What the task asks: Could you return every record below word for word, leaving out the pictures?
[Dataset entries — start]
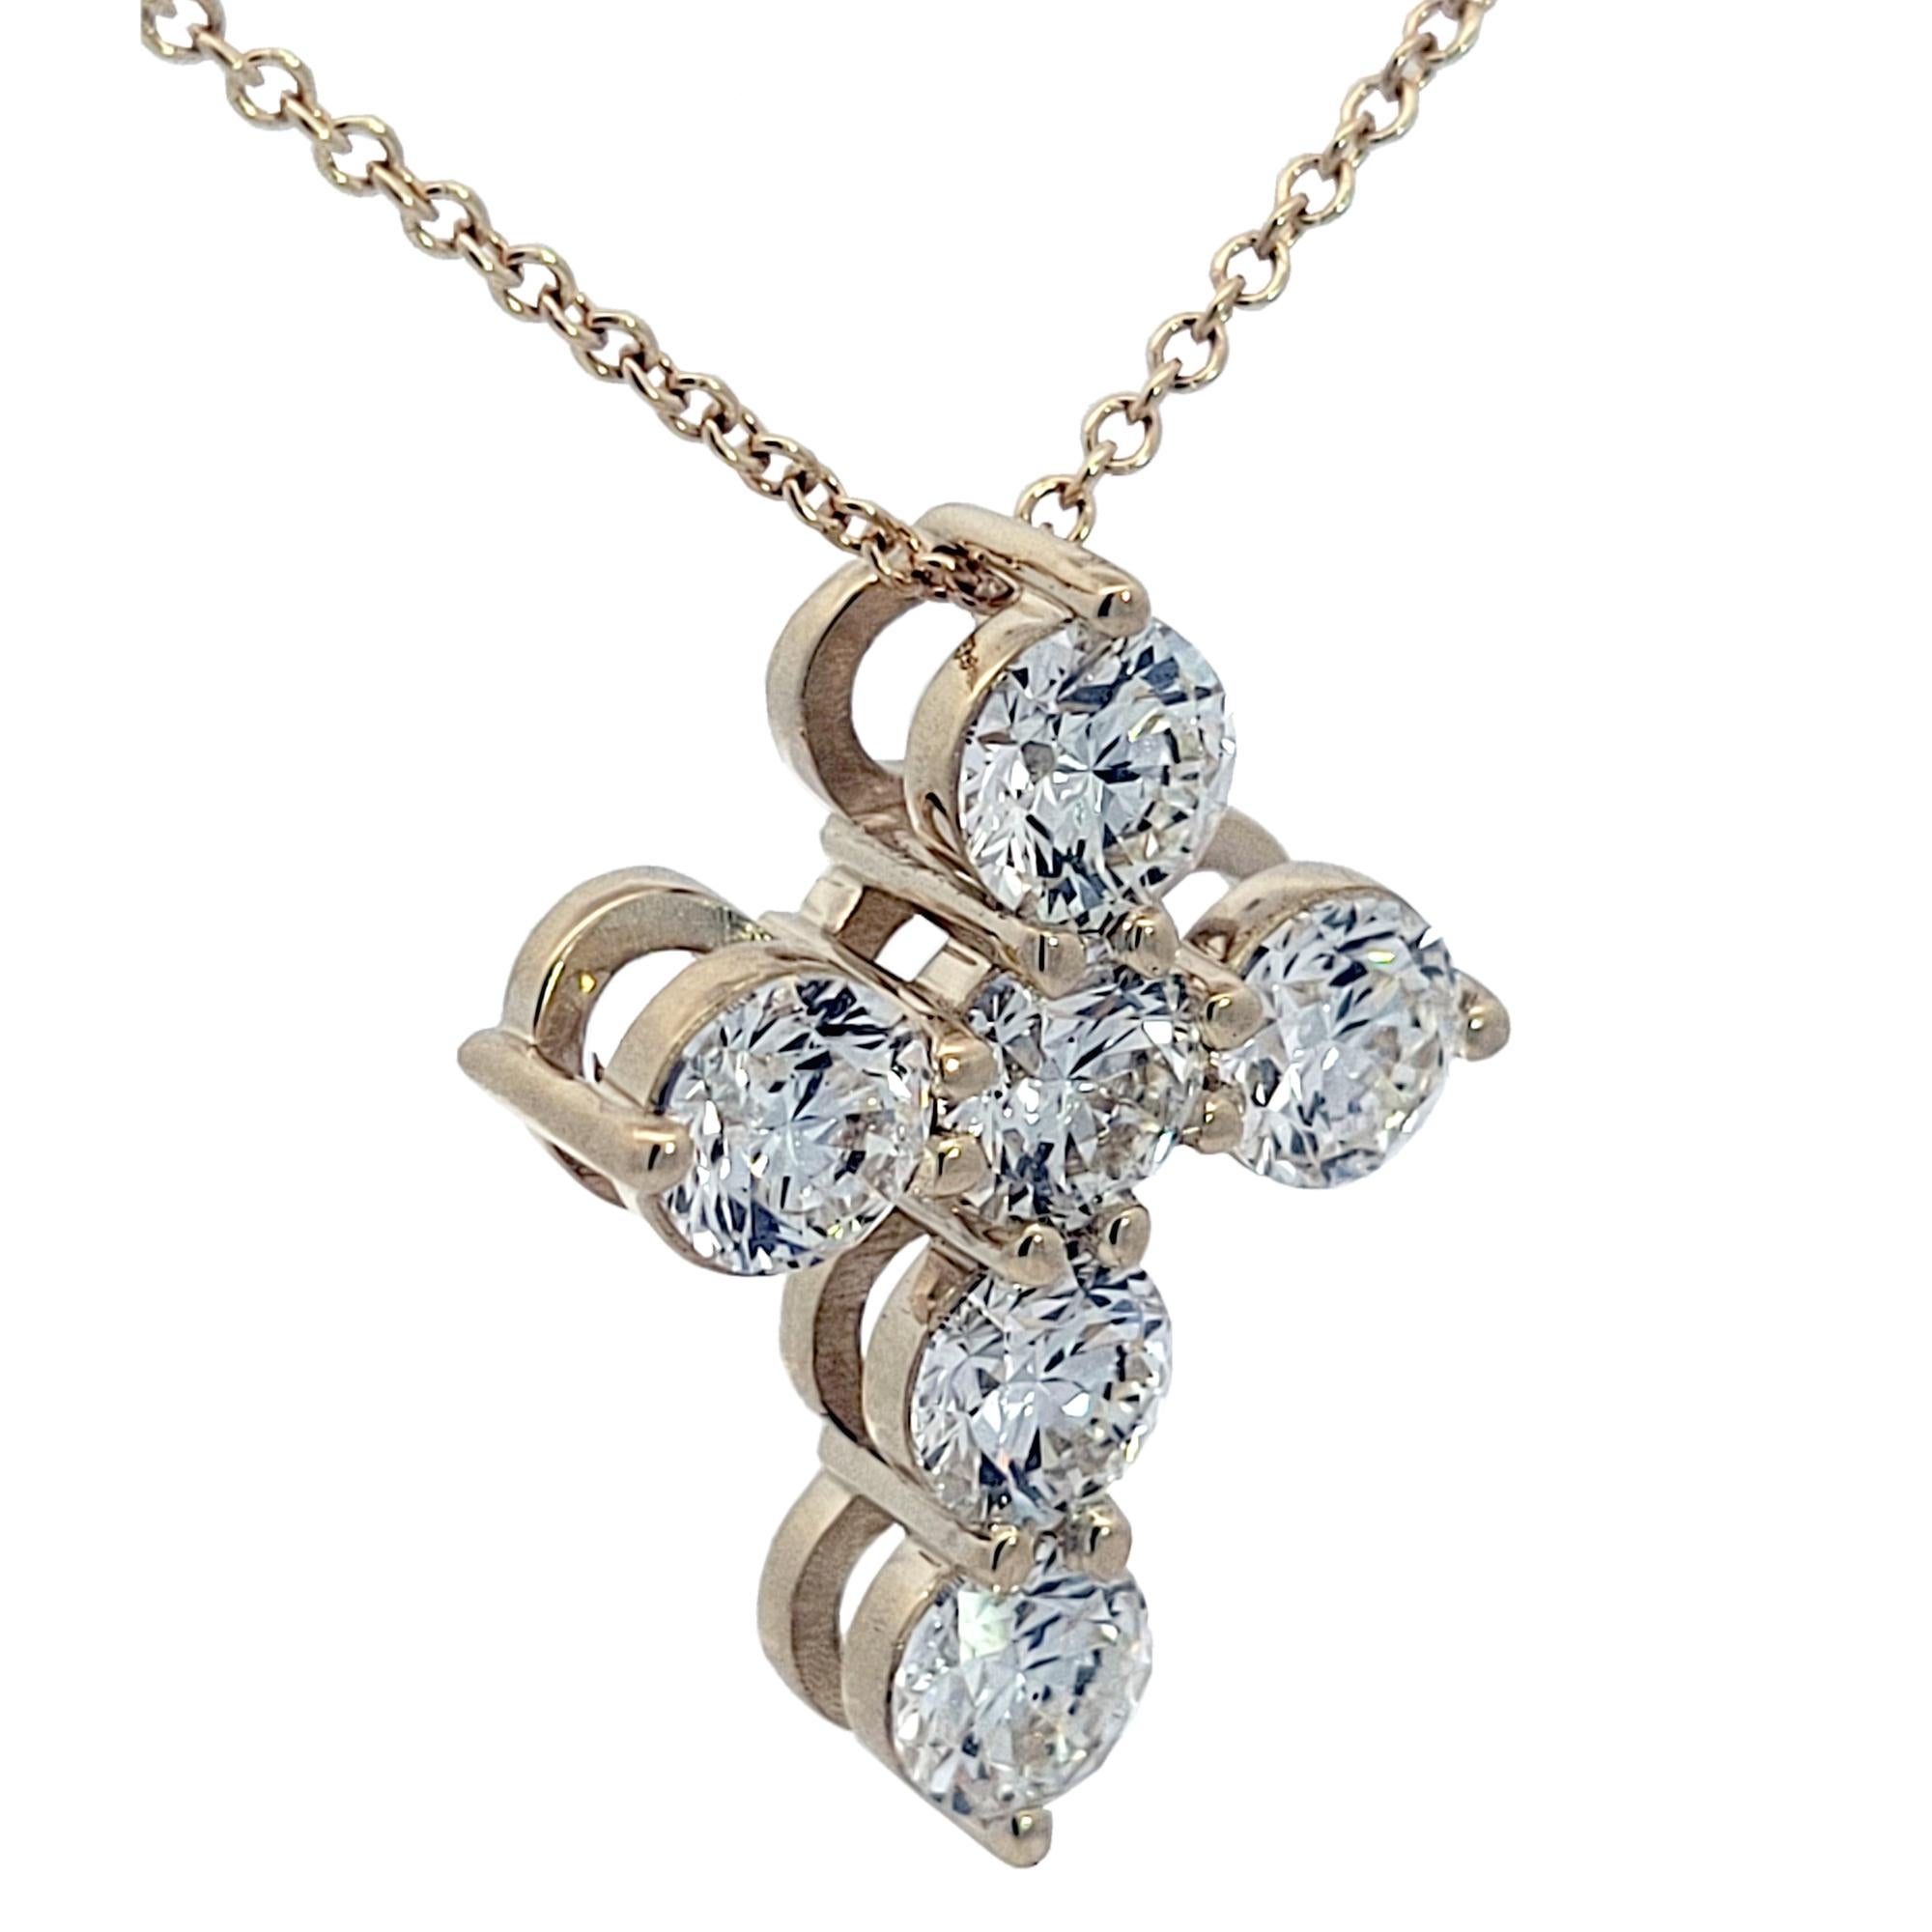 14K Gold Beautiful Cross Pendant with 6 perfectly matched Round Brilliant Diamonds with total weight of 2.73 Ct .
Size 16 mm x 22 mm .
Metal: 14K Yellow Gold 3.2 gr.
Round diamonds: 6x4.9 mm Shared Prong Set with total weight of 2.73 Ct.
Diamond
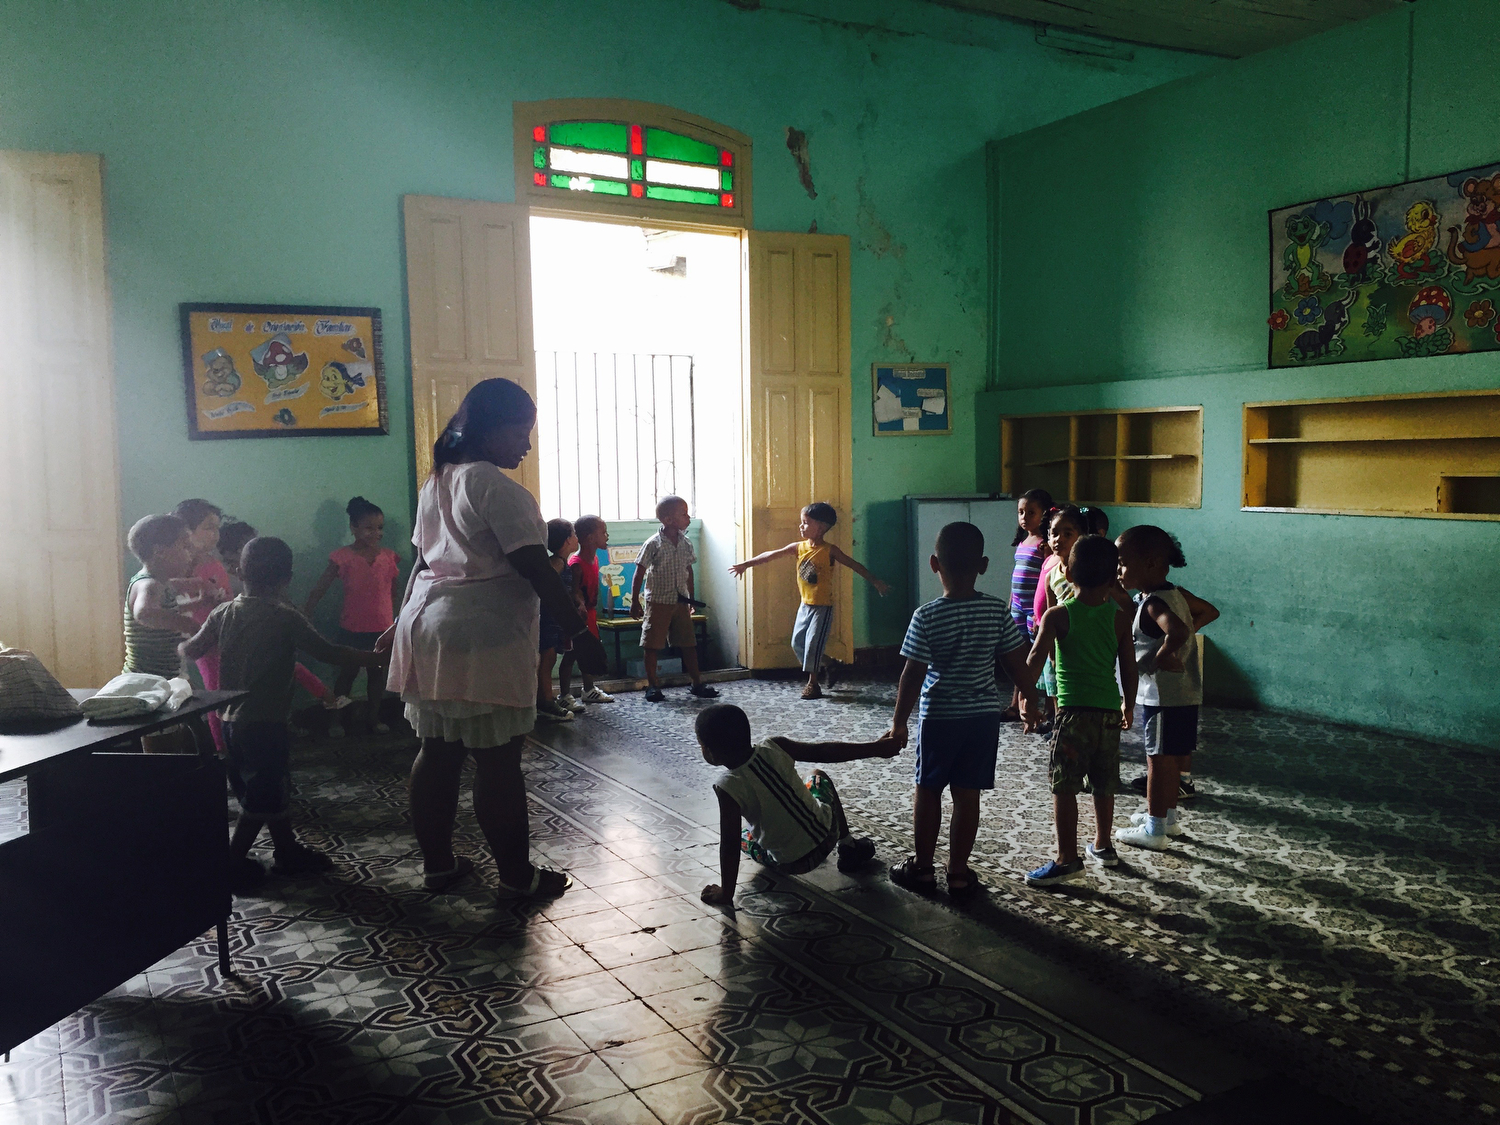  School is held inside a former mansion in Santiago de Cuba, where the wealthy were forced out years ago under the hand of Castro.
[Dataset entries — finish]
Reply to the task:
 14K Gold Beautiful Cross Pendant with 6 perfectly matched Round Brilliant Diamonds with total weight of 2.73 Ct .
Size 16 mm x 22 mm .
Metal: 14K Yellow Gold 3.2 gr.
Round diamonds: 6x4.9 mm Shared Prong Set with total weight of 2.73 Ct.
Diamond
  School is held inside a former mansion in Santiago de Cuba, where the wealthy were forced out years ago under the hand of Castro.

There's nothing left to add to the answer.